Asumamos que el veto es viable y que el presidente efectivamente lo utiliza. En ese caso, la Asamblea Nacional difícilmente podría insistir en su posición original pues para ello requeriría el voto de dos terceras partes de los legisladores. Observada la votación suscitada hace unos días y considerando que la posición de las personas en temas con una fuerte carga valórica es más difícil que varíe en el cortísimo plazo (la Asamblea Nacional debería conocer el veto en un plazo máximo de 30 días), lo esperable es el allanamiento de la legislatura a la objeción presidencial.
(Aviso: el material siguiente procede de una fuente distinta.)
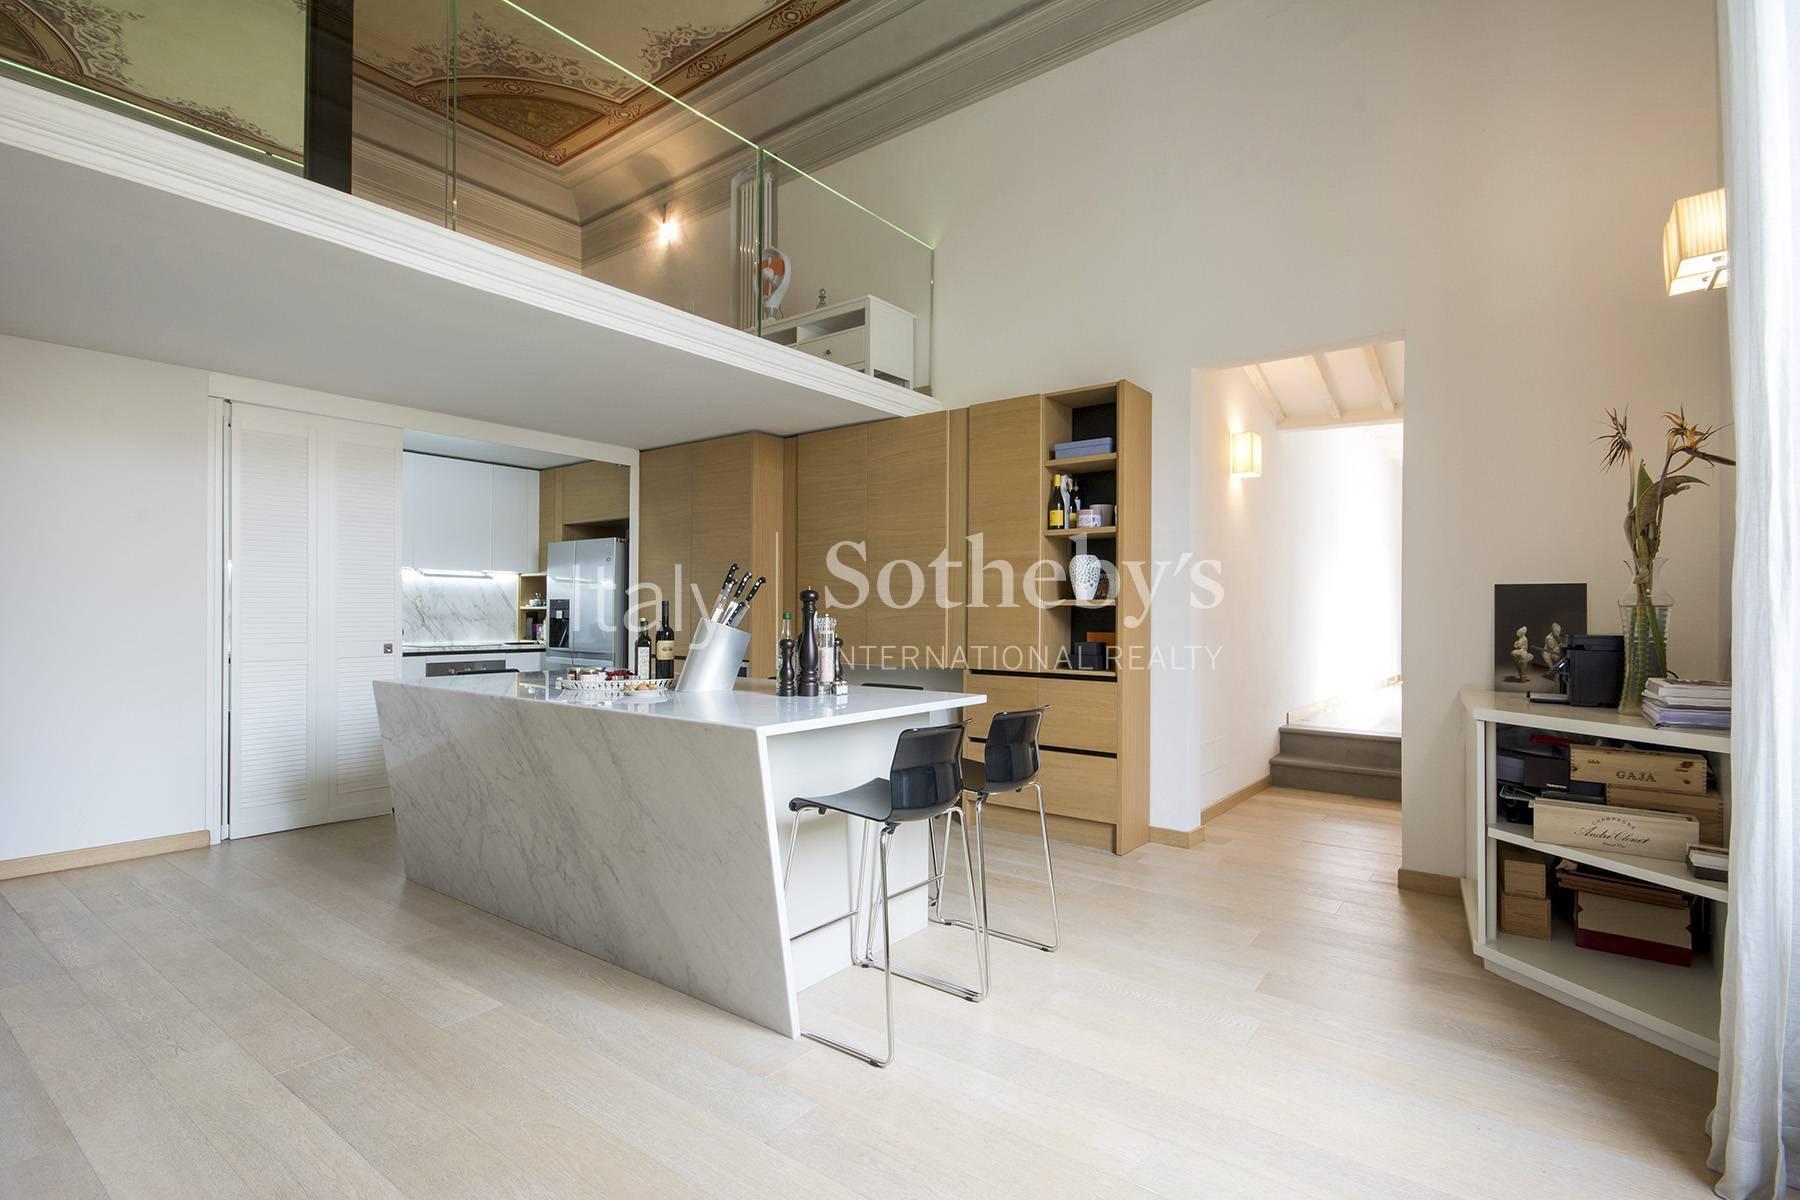 Lovely modern apartment in the Oltrarno district - 6

Inicialmente, este resultado no sólo implicaría un triunfo político del Ejecutivo respecto a la Asamblea Nacional sino también la posibilidad de reducir el conflicto generado con organizaciones feministas y diferentes sectores sociales que han rechazado la posición asumida por la legislatura. Sin embargo, los costos políticos de asumir esa decisión no son menores.

En efecto, la objeción presidencial implicaría no sólo distanciarse de CREO sino también de una facción importante del PSC y de otros sectores legislativos que, aunque minoritarios, cuentan. Desde el lado de la bancada oficialista, el veto lo único que conseguiría es hacer más evidente la desbandada de intereses del otrora poderoso Alianza País y de ninguna manera reduciría el oportunismo político que allí campea. En las calles, las marchas de los pañuelos verdes serían pronto reemplazadas por las de las sotanas, que en Ecuador asumen aún que la vida política es tal cual sucedía en la Edad Media. Todo ello mediado por un factor determinante: el Ejecutivo requiere los votos de una amplia mayoría legislativa para aprobar las reformas estructurales anunciadas desde hace varias semanas atrás. Sin PSC y CREO ese objetivo es prácticamente inalcanzable pues en ese tema el gobierno no cuenta con los votos de la bancada de la Revolución Ciudadana y tampoco con los de varios legisladores del propio Alianza País.

Visto así, en perspectiva de los costos y beneficios que trae consigo una decisión política, la lucha por la despenalización del aborto en casos de violación debe buscar otros senderos. Si bien la objeción presidencial es el camino más rápido, en Carondelet seguramente habrá un cálculo estratégico de todos los contratiempos que traerá consigo una maniobra de ese tipo. Asumir el veto en un tema como el tratado, no sólo requiere fuertes convicciones del presidente (que dicho sea de paso se desconoce lo que piensa al respecto), sino una maquinaria de cabildeo encargada de viabilizar las mínimas opciones políticas que ahora mismo tiene el gobierno para salir airoso frente a los sectores en disputa. Más allá de la existencia o no de tales condiciones, lo cierto es que existiendo de por medio los ineludibles compromisos asumidos por el país para reactivar la economía del país, ahora mismo el veto es más una ilusión que una posibilidad real. En política no siempre se consigue lo que se quiere, en ocasiones hay que conformarse con lo que se puede.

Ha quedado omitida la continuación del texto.